Dataset extract:
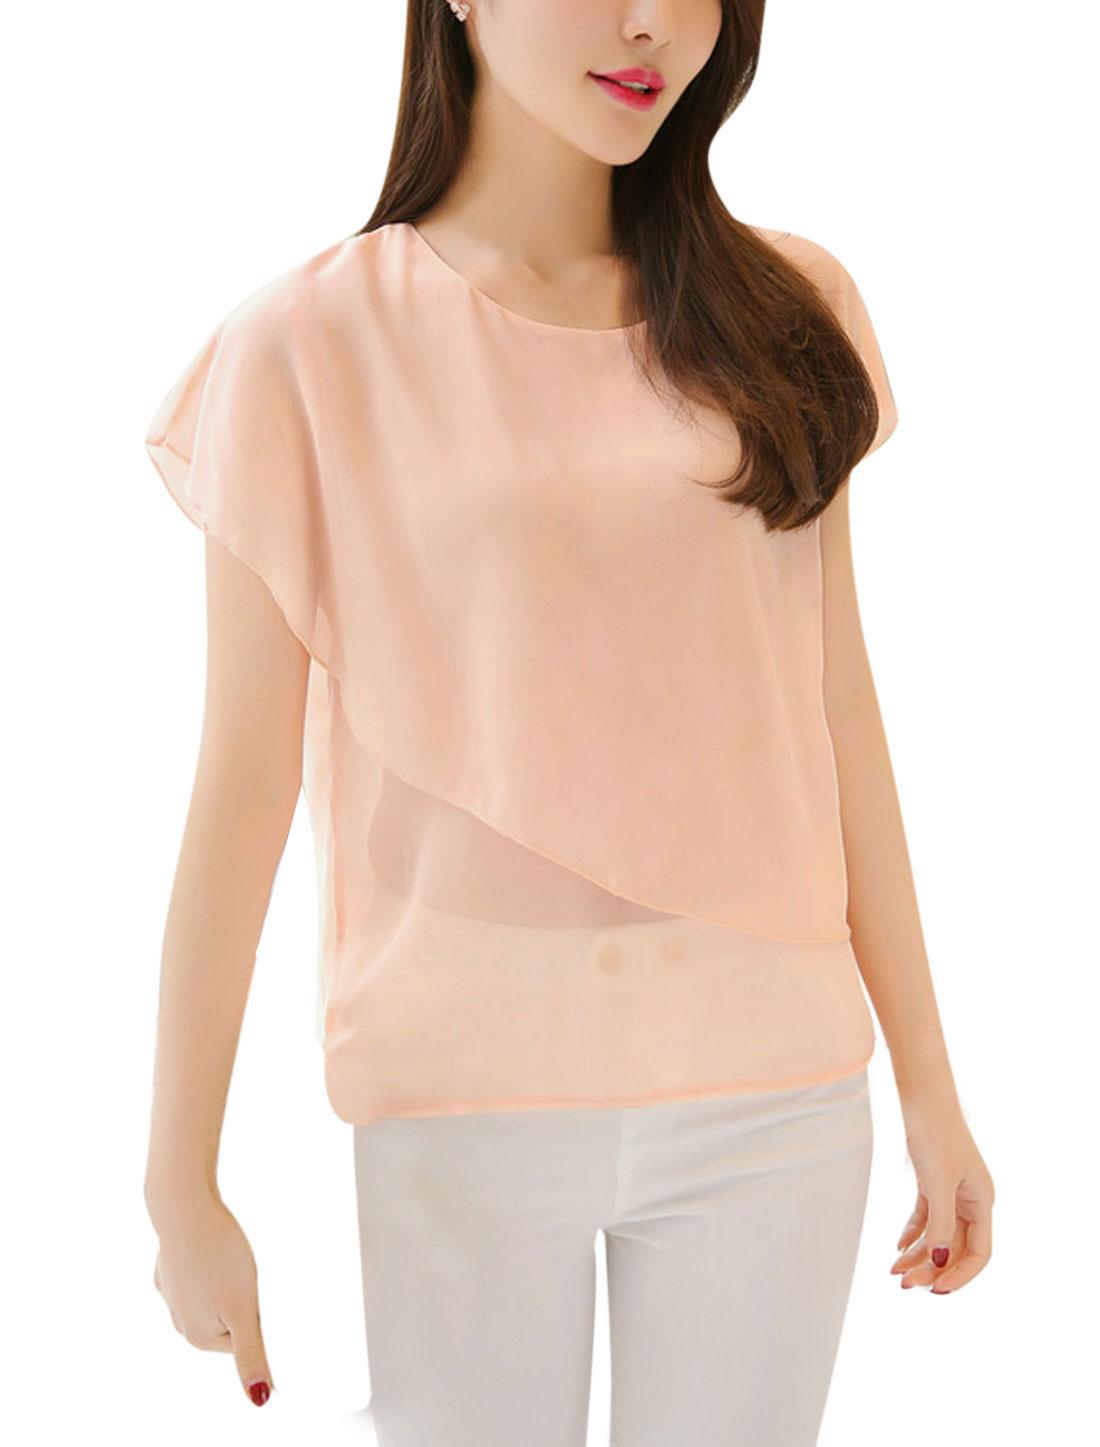 Ladies Round Neck Short Sleeves Overlay Chiffon Shirts Pale Pink M
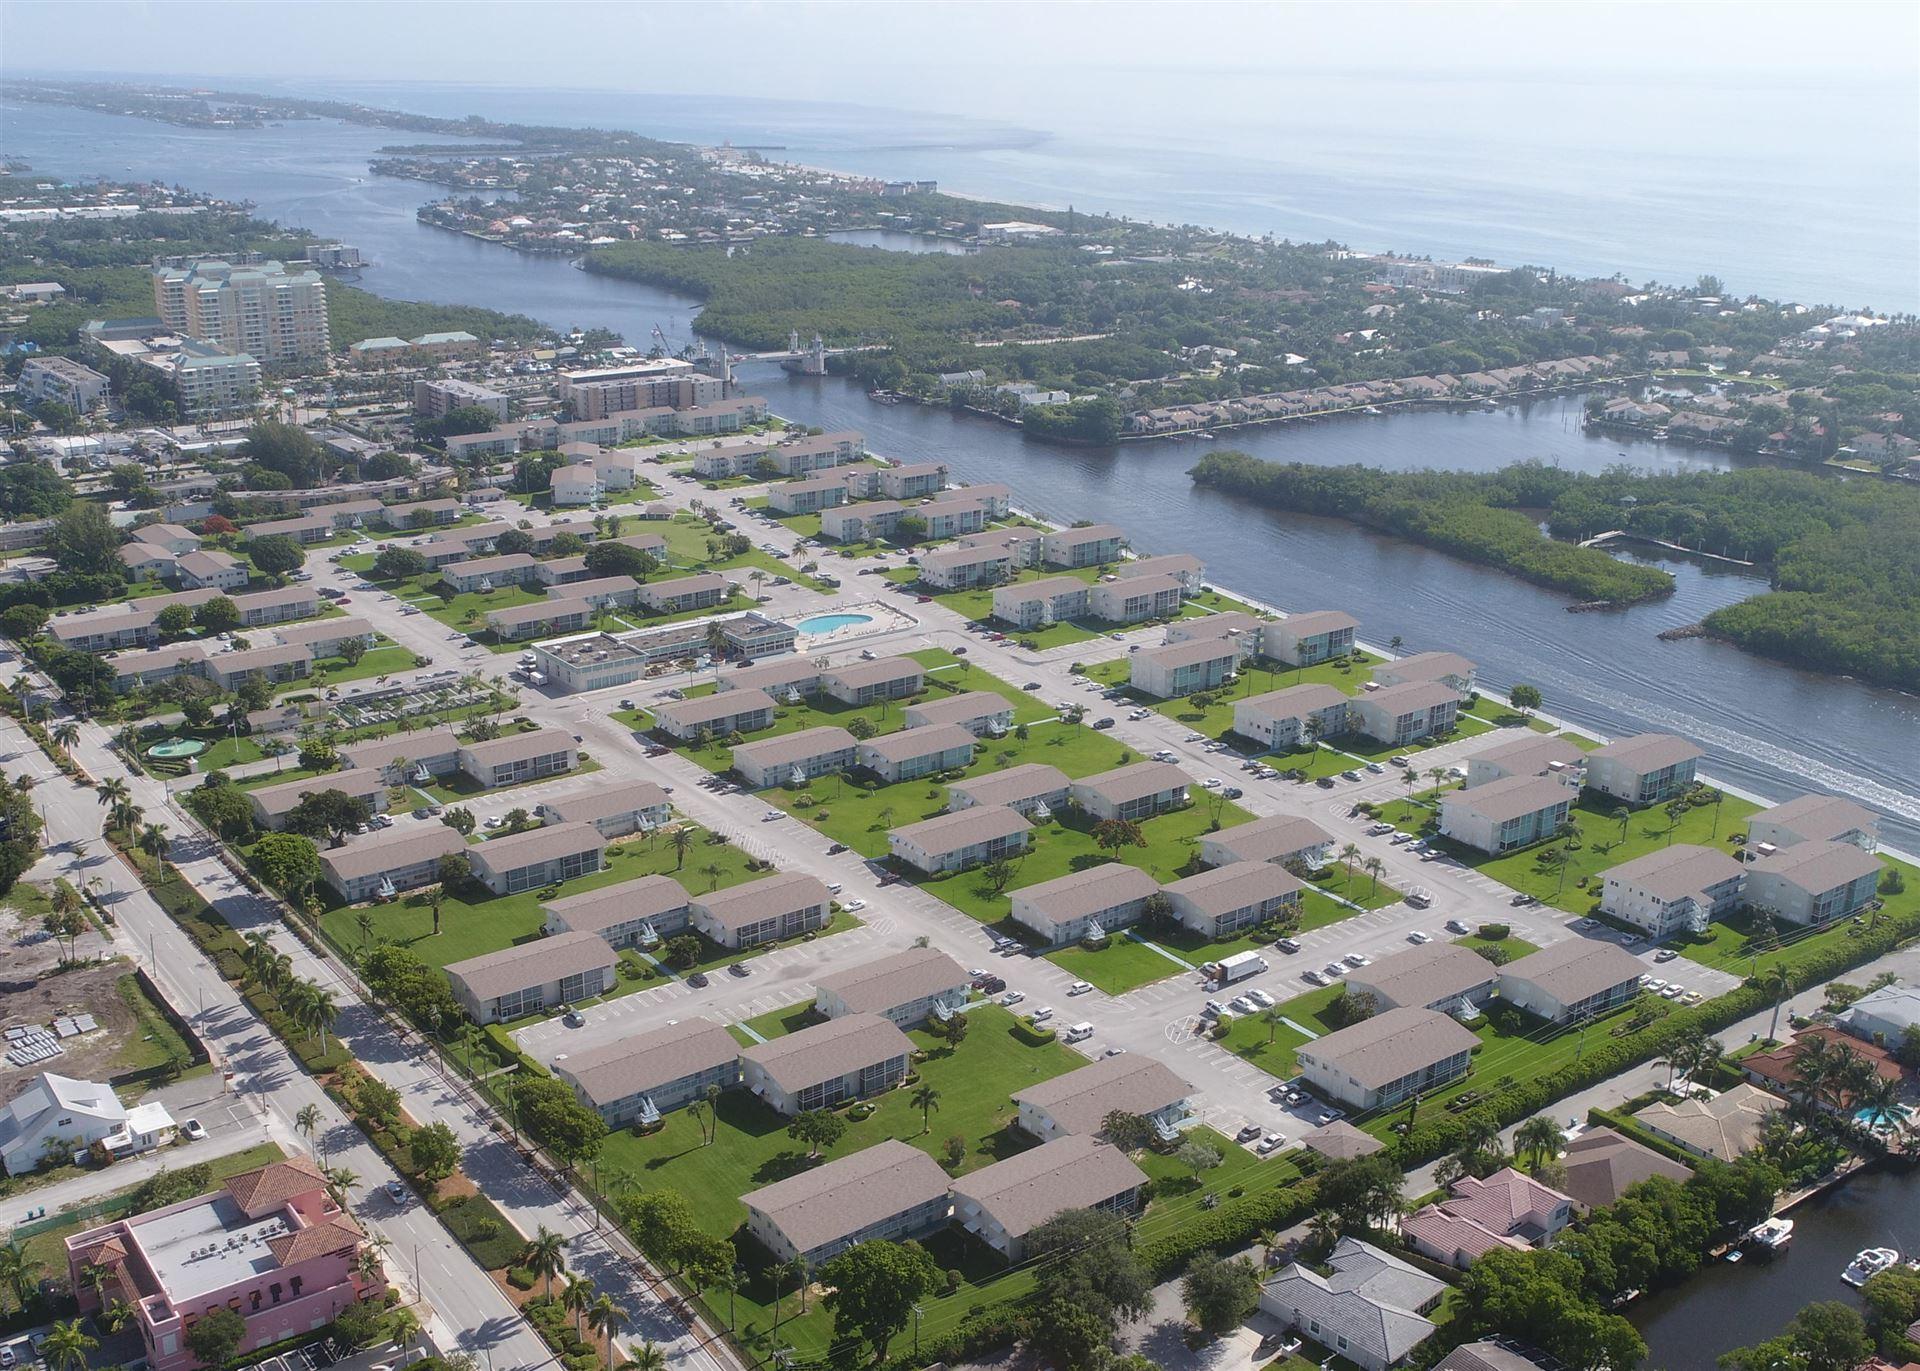 240 Horizons W #208, Boynton Beach, FL 33435 - MLS#: RX-10728690
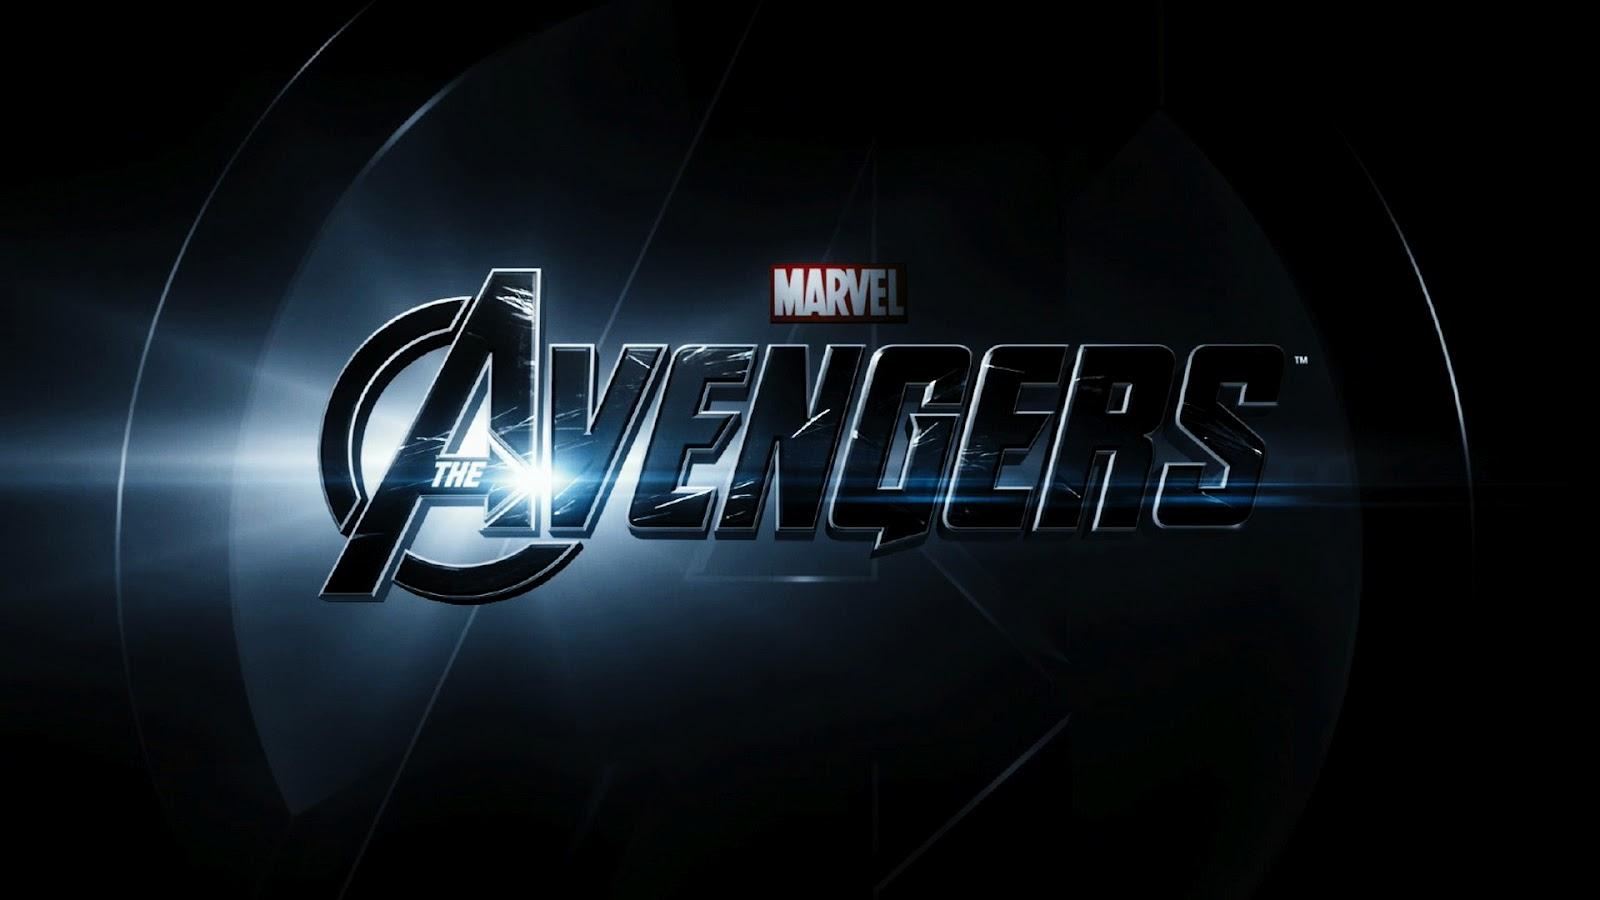 Wallpapers   HD Desktop Wallpapers Online The Avengers 1600x900

Your instructions:
Any picture in the data is to be skipped, while each line is returned exactly as written.

Response to this exercise:
 Ladies Round Neck Short Sleeves Overlay Chiffon Shirts Pale Pink M
 240 Horizons W #208, Boynton Beach, FL 33435 - MLS#: RX-10728690
 Wallpapers   HD Desktop Wallpapers Online The Avengers 1600x900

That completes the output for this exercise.